Should both sides be tested?

Yes, for single-leg versions. Side-to-side comparison is one of the most useful parts of the test.

What is a good score?

There is no universal score for every protocol. Use baseline comparison, side-to-side comparison and retesting with the same setup.

Should cramping be recorded?

Yes. Cramping, pain, fatigue, compensation and reason for stopping should all be recorded.

Key Takeaways

The Hip Bridge Endurance Test assesses bridge-based hip extension endurance and pelvic control.
The primary score is hold time or valid repetitions.
The single-leg version allows useful side-to-side comparison.
The test should not be described as isolated glute endurance.
Setup consistency is essential for meaningful retesting.
Measurz can track time, reps, side, setup, symptoms, cramping, compensation and retest progress.

References

Filipa, A., Byrnes, R., Paterno, M. V., Myer, G. D., & Hewett, T. E. (2010). Neuromuscular training improves performance on the Star Excursion Balance Test in young female athletes. Journal of Orthopaedic & Sports Physical Therapy, 40(9), 551–558.

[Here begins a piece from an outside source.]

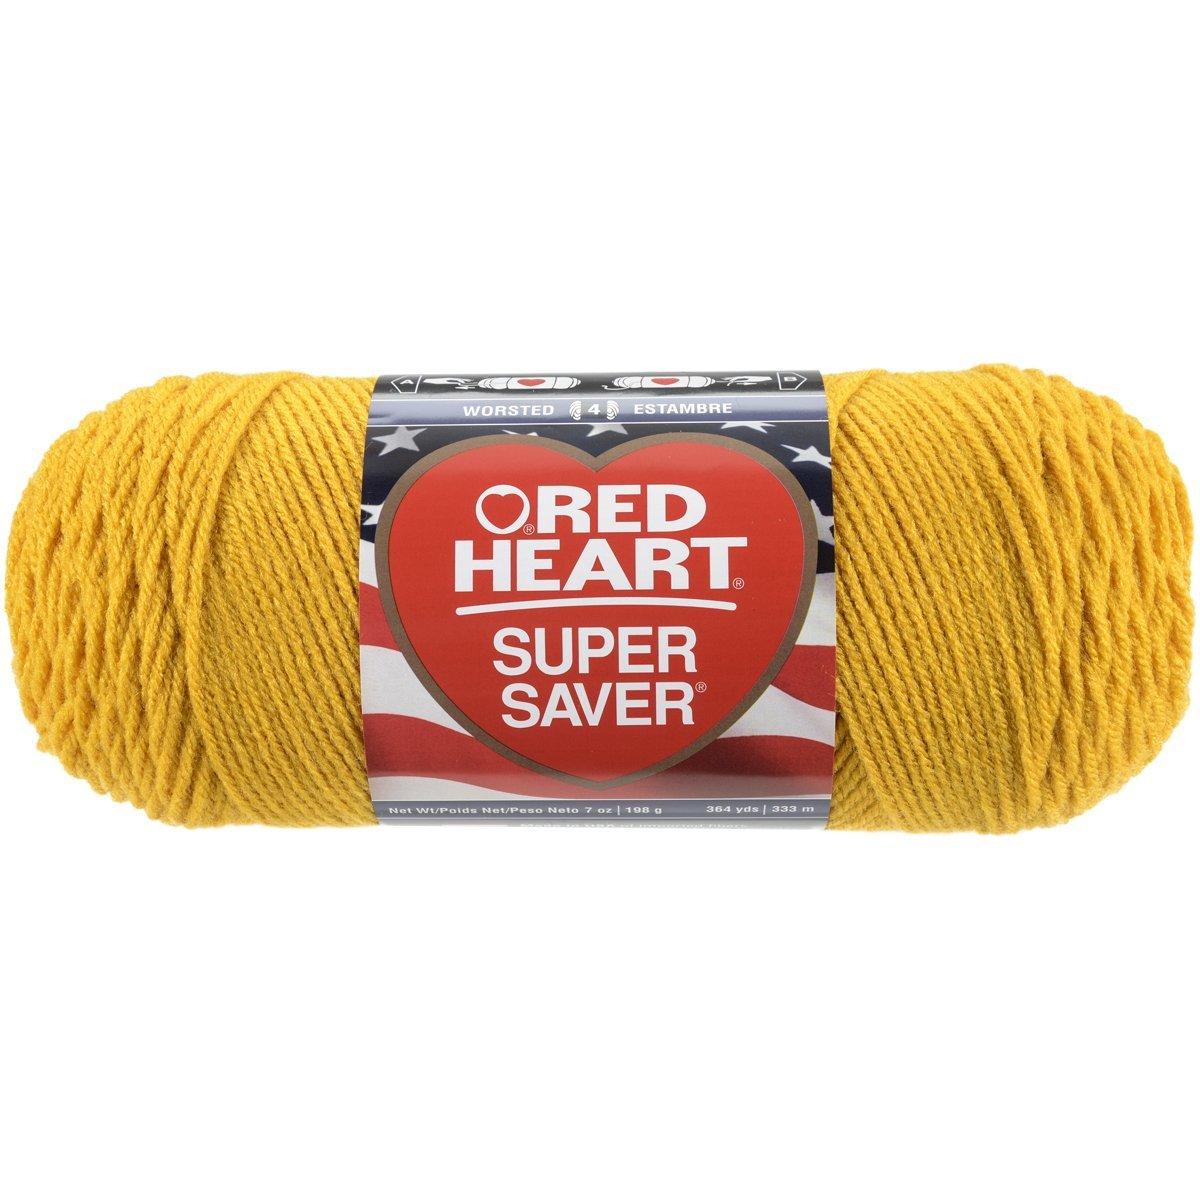 Red Heart Super Saver Economy Yarn, Cherry Red [Cherry Red] $2.06 @amazon

Freckleton, G., Cook, J., & Pizzari, T. (2014). The predictive validity of a single leg bridge test for hamstring injuries in Australian Rules Football players. British Journal of Sports Medicine, 48(8), 713–717.

Silva, M. F., et al. (2021). The reliability and validity of gluteal endurance measures. International Journal of Sports Physical Therapy, 16(6), 1429–1439.

Worst, H., & Henderson, N. (2026). Establishing normative values and clinician assessment accuracy for the Single Leg Bridge Endurance Test. International Journal of Sports Physical Therapy, 21(1), 34–40.